**YOUR TASK:** Reproduce exactly the lines of this material that begin at the line with "Court-shoes Sonia Rykiel 657940 Black / Red" and end at the line with "Imprint soles shoes", both included. Omit the pictures and everything else.

**RECORDS FOR THIS EXERCISE:**
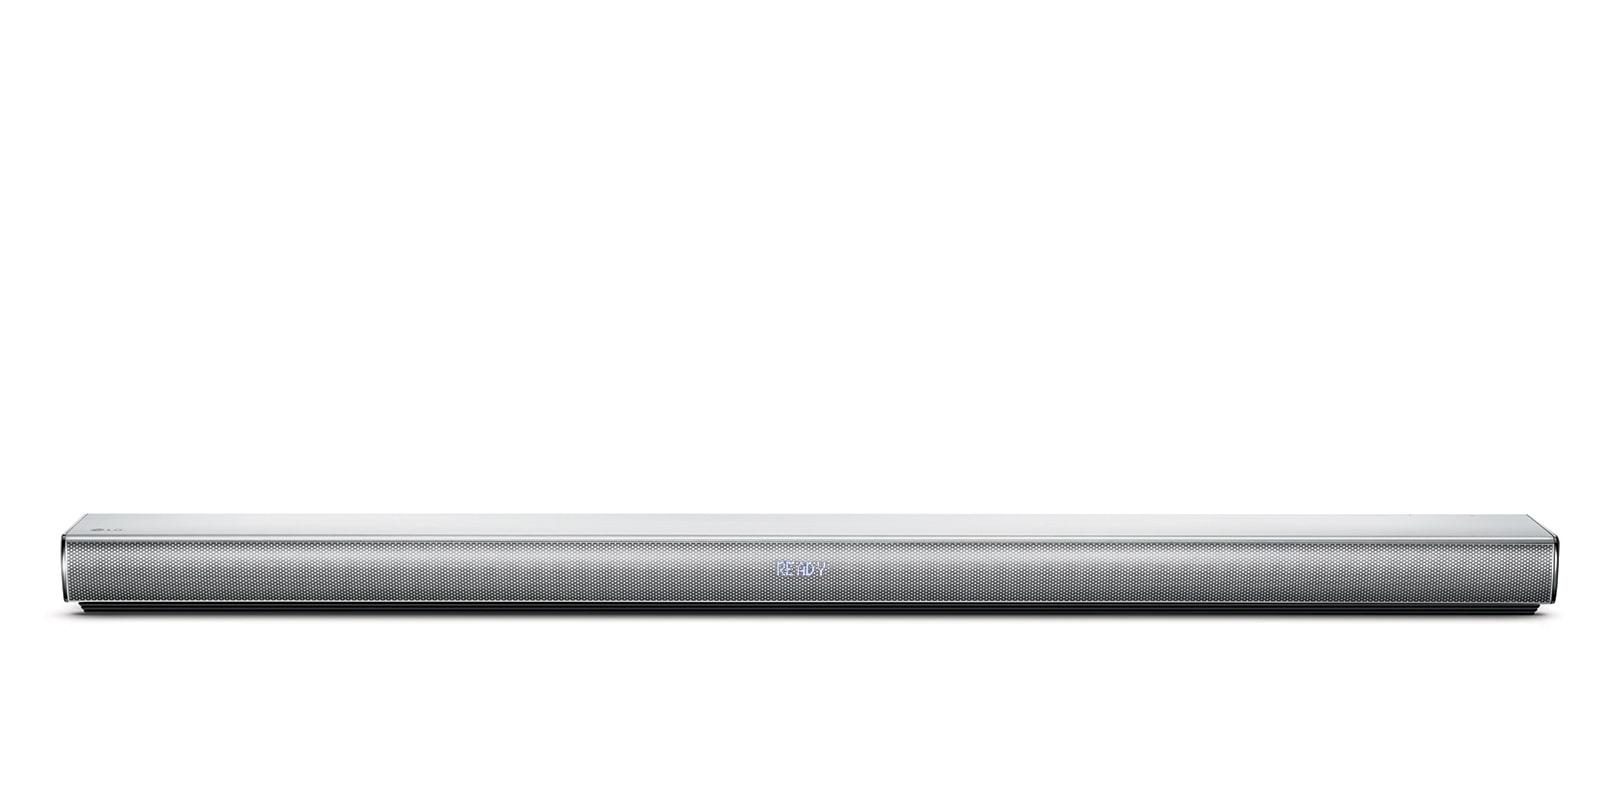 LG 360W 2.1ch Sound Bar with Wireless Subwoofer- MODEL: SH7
* * *
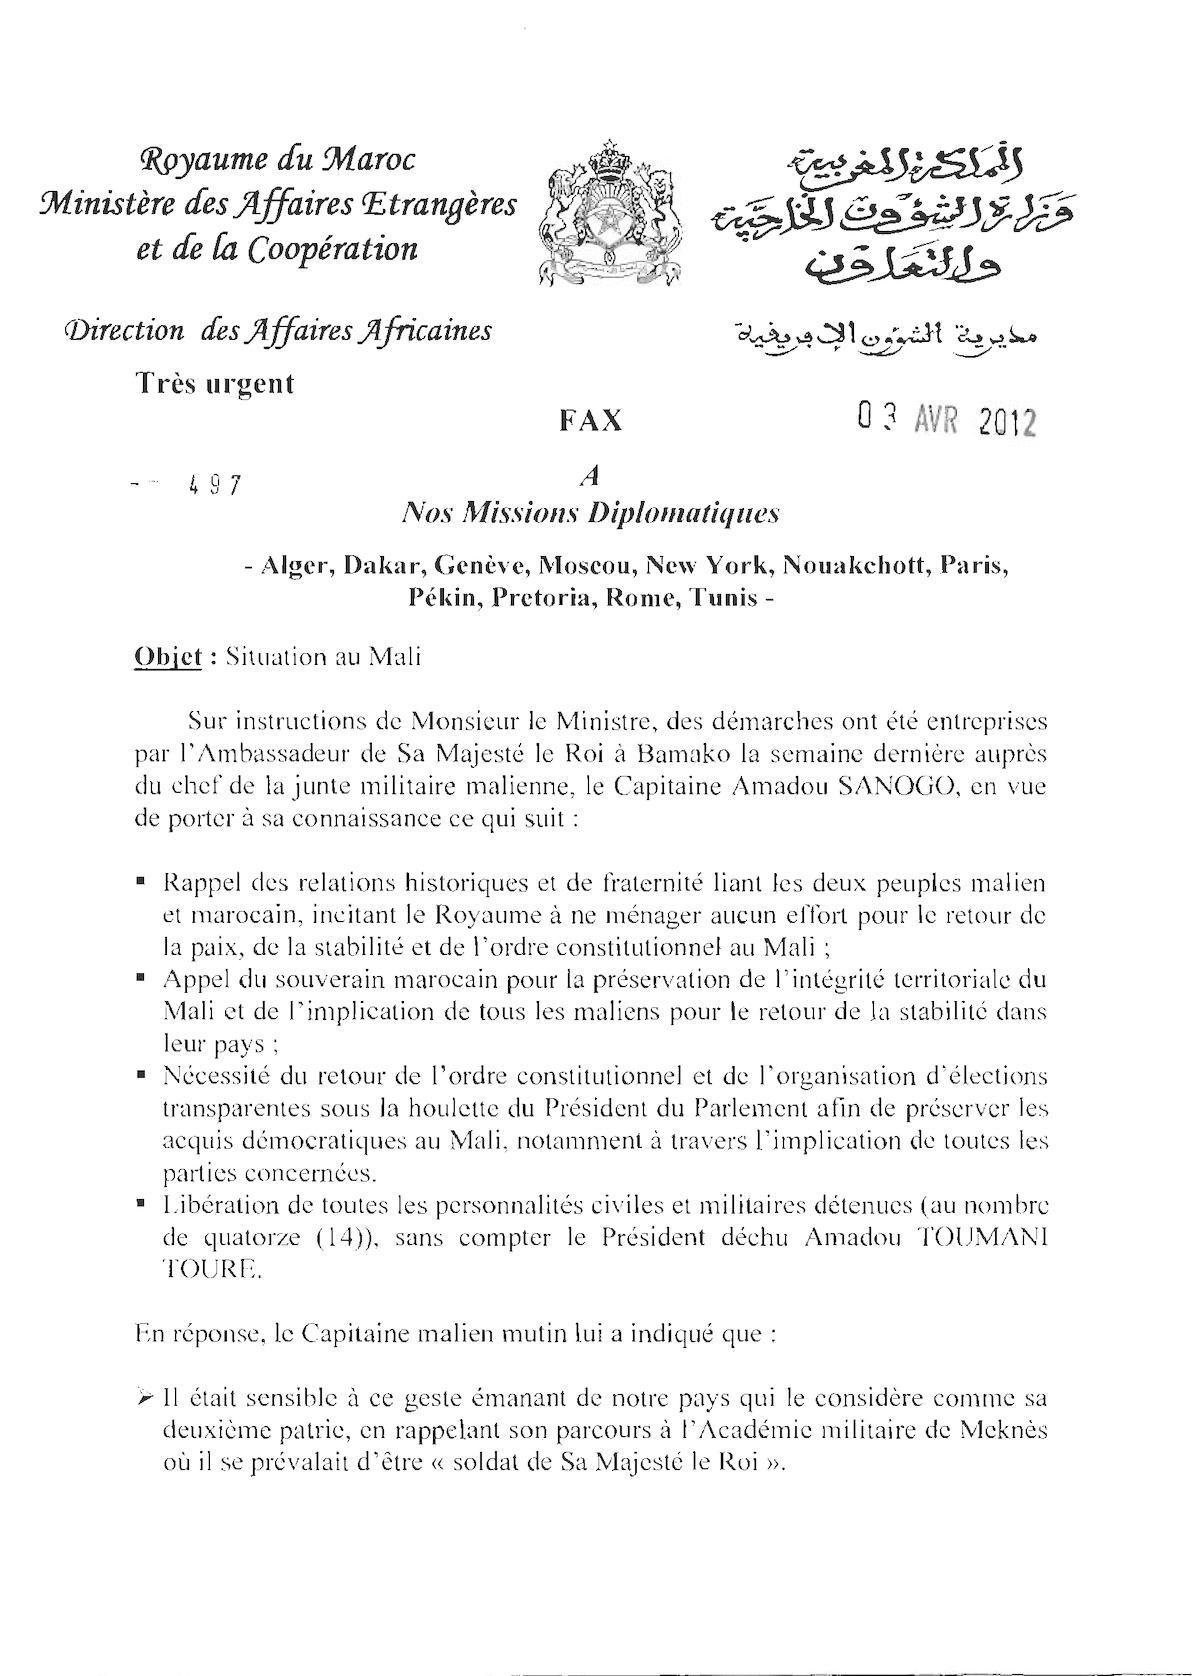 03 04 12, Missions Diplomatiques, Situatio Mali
---
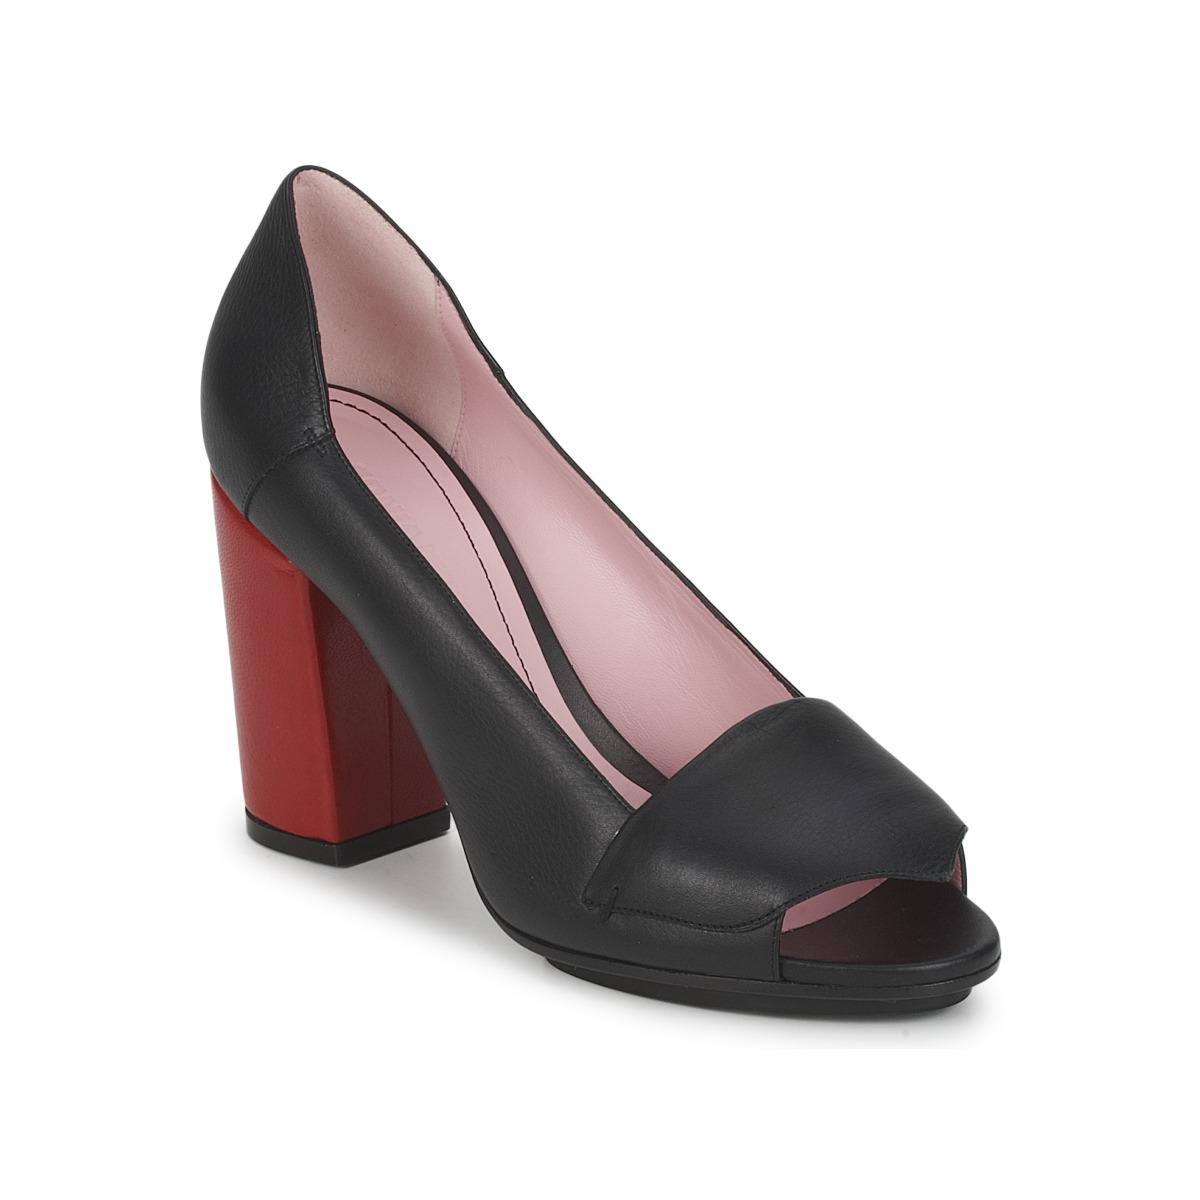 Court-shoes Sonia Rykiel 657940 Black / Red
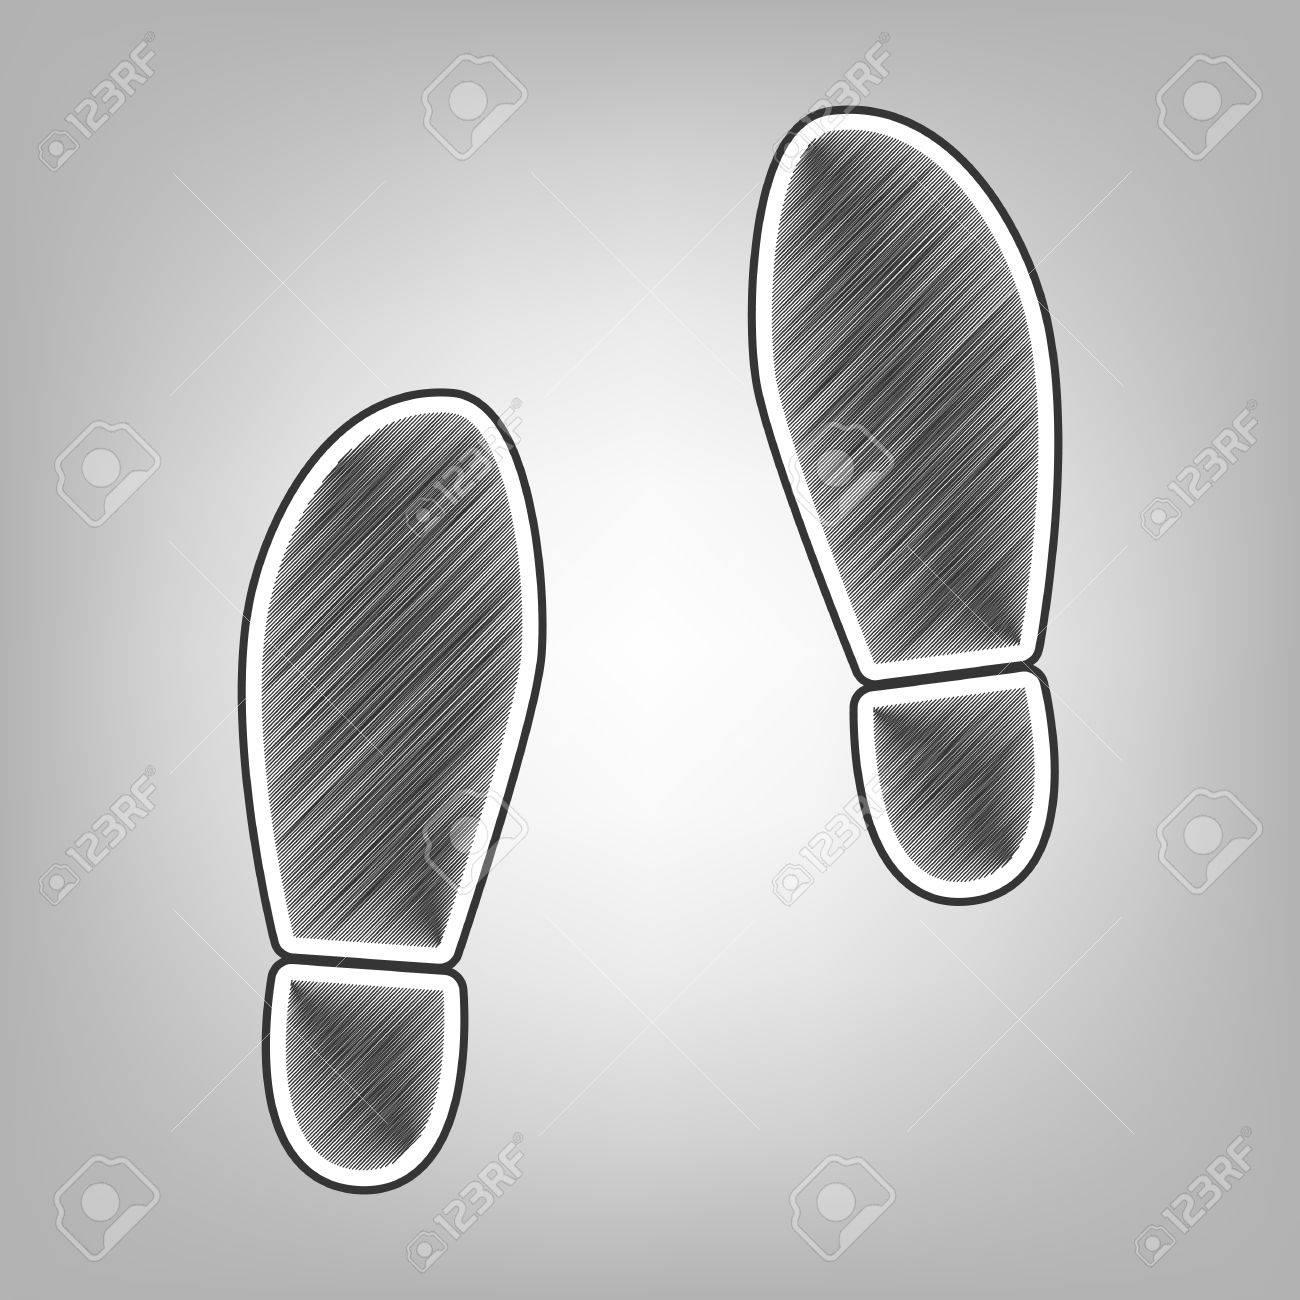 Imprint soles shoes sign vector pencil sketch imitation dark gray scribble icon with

**RESPONSE:**
 Court-shoes Sonia Rykiel 657940 Black / Red
 Imprint soles shoes sign vector pencil sketch imitation dark gray scribble icon with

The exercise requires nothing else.